Activity: Look below for the line containing "Wintersteiger Citrus Base"; from there, print each line exactly up to and including the line containing "Veggie Pad Thai", and stop.

Collected data:
◆ ◆ ◆ ◆ ◆ ◆ ◆

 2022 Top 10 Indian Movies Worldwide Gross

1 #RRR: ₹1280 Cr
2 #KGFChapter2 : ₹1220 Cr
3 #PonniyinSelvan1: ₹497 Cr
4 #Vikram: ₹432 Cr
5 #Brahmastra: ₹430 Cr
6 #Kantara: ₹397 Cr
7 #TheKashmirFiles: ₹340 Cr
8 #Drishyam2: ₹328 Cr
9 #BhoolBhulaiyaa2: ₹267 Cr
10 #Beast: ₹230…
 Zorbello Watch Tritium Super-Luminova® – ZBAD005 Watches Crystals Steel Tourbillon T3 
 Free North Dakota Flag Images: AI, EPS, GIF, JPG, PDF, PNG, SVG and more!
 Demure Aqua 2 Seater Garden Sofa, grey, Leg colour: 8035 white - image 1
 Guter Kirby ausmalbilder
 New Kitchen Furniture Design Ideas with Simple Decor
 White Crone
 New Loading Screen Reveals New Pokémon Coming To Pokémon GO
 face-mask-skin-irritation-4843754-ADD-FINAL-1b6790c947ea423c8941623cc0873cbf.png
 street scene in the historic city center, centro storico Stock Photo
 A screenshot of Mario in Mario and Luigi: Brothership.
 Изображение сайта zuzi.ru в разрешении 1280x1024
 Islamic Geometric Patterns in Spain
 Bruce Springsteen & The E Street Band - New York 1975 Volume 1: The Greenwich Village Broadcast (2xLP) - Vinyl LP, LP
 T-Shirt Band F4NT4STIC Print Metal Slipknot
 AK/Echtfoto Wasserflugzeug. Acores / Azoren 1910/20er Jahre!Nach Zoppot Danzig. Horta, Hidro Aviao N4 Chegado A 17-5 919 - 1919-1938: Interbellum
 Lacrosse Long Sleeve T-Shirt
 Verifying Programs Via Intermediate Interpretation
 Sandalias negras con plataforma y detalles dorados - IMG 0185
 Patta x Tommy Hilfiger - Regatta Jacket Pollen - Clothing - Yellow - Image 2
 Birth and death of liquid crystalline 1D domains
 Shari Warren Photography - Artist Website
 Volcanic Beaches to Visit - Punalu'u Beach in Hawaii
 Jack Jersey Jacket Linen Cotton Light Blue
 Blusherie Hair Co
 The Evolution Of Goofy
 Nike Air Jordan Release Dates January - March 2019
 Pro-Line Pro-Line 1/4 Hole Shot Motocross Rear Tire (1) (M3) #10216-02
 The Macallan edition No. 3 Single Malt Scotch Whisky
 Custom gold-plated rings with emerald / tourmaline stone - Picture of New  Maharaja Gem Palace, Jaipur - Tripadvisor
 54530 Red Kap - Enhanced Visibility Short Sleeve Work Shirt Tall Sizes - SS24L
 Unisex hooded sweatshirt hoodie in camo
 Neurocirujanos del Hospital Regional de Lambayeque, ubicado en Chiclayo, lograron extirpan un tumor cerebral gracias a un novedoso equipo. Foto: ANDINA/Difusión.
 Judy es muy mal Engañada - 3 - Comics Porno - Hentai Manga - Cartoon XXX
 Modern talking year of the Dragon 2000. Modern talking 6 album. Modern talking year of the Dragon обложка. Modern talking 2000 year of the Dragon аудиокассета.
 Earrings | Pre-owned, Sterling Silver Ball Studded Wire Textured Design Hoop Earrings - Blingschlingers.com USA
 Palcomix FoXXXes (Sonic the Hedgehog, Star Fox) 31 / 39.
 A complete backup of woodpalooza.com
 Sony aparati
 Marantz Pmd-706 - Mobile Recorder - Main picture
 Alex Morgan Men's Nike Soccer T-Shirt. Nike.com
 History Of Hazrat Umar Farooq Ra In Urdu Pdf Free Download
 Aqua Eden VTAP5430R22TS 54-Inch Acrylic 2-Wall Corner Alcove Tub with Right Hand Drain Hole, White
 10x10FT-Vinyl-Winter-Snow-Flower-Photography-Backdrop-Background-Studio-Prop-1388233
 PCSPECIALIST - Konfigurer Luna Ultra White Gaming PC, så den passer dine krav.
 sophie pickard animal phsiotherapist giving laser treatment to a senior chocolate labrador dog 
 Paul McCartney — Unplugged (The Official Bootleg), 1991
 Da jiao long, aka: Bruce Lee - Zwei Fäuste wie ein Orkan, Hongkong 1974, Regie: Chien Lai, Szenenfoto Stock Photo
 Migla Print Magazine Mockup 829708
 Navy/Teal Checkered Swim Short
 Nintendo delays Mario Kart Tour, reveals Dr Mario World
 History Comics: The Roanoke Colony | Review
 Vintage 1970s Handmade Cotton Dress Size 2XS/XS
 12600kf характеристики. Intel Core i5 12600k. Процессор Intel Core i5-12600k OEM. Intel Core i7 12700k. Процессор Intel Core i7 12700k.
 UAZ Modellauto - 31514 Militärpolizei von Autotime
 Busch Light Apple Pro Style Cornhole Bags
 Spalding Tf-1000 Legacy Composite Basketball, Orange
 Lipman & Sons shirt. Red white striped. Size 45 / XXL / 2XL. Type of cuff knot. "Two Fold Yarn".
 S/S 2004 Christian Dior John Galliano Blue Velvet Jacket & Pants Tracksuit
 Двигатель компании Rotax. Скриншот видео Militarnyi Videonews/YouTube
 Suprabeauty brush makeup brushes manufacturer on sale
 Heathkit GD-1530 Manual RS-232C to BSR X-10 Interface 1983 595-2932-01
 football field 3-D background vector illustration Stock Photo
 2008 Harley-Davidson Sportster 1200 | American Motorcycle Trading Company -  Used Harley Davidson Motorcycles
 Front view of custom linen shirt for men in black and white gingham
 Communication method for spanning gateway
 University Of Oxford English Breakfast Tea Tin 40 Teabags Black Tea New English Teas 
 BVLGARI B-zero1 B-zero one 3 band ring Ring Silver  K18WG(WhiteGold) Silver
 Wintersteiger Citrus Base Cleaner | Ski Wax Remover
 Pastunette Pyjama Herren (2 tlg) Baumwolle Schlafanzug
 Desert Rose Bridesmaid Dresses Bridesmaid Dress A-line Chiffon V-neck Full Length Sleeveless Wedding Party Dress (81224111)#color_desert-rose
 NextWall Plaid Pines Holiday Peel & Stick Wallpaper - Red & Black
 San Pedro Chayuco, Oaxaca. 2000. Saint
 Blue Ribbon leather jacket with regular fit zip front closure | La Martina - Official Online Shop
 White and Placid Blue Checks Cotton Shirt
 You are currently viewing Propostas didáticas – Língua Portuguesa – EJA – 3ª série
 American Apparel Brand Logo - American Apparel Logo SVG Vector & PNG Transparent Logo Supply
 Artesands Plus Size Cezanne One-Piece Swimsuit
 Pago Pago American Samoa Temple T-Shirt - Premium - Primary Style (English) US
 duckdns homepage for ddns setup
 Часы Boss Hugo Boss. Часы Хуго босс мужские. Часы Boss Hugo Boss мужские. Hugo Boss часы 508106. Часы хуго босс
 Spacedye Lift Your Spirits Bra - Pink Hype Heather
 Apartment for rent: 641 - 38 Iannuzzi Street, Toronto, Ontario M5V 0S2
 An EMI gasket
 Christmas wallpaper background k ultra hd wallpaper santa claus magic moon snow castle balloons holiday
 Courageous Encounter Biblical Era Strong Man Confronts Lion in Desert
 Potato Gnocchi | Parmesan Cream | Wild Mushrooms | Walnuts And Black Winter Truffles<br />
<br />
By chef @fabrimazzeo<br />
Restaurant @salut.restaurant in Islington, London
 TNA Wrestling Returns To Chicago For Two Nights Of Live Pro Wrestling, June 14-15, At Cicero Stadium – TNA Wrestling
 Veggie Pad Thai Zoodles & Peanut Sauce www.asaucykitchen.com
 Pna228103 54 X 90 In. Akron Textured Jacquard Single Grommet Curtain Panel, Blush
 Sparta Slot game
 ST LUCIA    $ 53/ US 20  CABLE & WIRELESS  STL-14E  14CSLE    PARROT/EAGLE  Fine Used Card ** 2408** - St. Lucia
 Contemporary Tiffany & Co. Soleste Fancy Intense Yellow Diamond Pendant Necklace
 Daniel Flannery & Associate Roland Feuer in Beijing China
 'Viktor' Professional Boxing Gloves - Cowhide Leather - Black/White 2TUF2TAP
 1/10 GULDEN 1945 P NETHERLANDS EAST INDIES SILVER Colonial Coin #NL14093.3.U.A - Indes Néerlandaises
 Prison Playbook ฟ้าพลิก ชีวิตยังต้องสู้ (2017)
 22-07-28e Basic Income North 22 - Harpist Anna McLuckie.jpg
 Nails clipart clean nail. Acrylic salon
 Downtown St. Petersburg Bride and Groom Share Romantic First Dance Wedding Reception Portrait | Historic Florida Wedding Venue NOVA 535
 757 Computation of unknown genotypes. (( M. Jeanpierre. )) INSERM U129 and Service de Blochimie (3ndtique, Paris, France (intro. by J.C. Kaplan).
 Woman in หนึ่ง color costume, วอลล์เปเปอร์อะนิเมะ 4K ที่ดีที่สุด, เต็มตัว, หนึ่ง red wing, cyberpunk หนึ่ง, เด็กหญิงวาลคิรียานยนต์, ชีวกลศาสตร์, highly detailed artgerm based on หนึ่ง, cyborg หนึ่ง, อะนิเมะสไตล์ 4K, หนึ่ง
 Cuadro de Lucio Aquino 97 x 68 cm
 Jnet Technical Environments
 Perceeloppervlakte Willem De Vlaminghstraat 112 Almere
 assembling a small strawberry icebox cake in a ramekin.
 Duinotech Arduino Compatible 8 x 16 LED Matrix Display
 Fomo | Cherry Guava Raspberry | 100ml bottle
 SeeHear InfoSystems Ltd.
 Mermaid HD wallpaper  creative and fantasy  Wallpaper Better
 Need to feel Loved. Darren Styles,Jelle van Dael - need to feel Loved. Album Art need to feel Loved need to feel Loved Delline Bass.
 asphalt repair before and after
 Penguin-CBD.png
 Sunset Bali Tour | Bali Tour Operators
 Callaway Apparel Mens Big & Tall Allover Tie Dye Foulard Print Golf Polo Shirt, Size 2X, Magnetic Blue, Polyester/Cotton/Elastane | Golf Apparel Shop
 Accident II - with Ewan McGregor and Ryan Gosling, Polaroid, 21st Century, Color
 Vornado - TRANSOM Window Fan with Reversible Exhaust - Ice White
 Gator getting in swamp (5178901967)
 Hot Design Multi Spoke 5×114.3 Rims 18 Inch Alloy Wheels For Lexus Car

◆ ◆ ◆ ◆ ◆ ◆ ◆

Solution:
 Wintersteiger Citrus Base Cleaner | Ski Wax Remover
 Pastunette Pyjama Herren (2 tlg) Baumwolle Schlafanzug
 Desert Rose Bridesmaid Dresses Bridesmaid Dress A-line Chiffon V-neck Full Length Sleeveless Wedding Party Dress (81224111)#color_desert-rose
 NextWall Plaid Pines Holiday Peel & Stick Wallpaper - Red & Black
 San Pedro Chayuco, Oaxaca. 2000. Saint
 Blue Ribbon leather jacket with regular fit zip front closure | La Martina - Official Online Shop
 White and Placid Blue Checks Cotton Shirt
 You are currently viewing Propostas didáticas – Língua Portuguesa – EJA – 3ª série
 American Apparel Brand Logo - American Apparel Logo SVG Vector & PNG Transparent Logo Supply
 Artesands Plus Size Cezanne One-Piece Swimsuit
 Pago Pago American Samoa Temple T-Shirt - Premium - Primary Style (English) US
 duckdns homepage for ddns setup
 Часы Boss Hugo Boss. Часы Хуго босс мужские. Часы Boss Hugo Boss мужские. Hugo Boss часы 508106. Часы хуго босс
 Spacedye Lift Your Spirits Bra - Pink Hype Heather
 Apartment for rent: 641 - 38 Iannuzzi Street, Toronto, Ontario M5V 0S2
 An EMI gasket
 Christmas wallpaper background k ultra hd wallpaper santa claus magic moon snow castle balloons holiday
 Courageous Encounter Biblical Era Strong Man Confronts Lion in Desert
 Potato Gnocchi | Parmesan Cream | Wild Mushrooms | Walnuts And Black Winter Truffles<br />
<br />
By chef @fabrimazzeo<br />
Restaurant @salut.restaurant in Islington, London
 TNA Wrestling Returns To Chicago For Two Nights Of Live Pro Wrestling, June 14-15, At Cicero Stadium – TNA Wrestling
 Veggie Pad Thai Zoodles & Peanut Sauce www.asaucykitchen.com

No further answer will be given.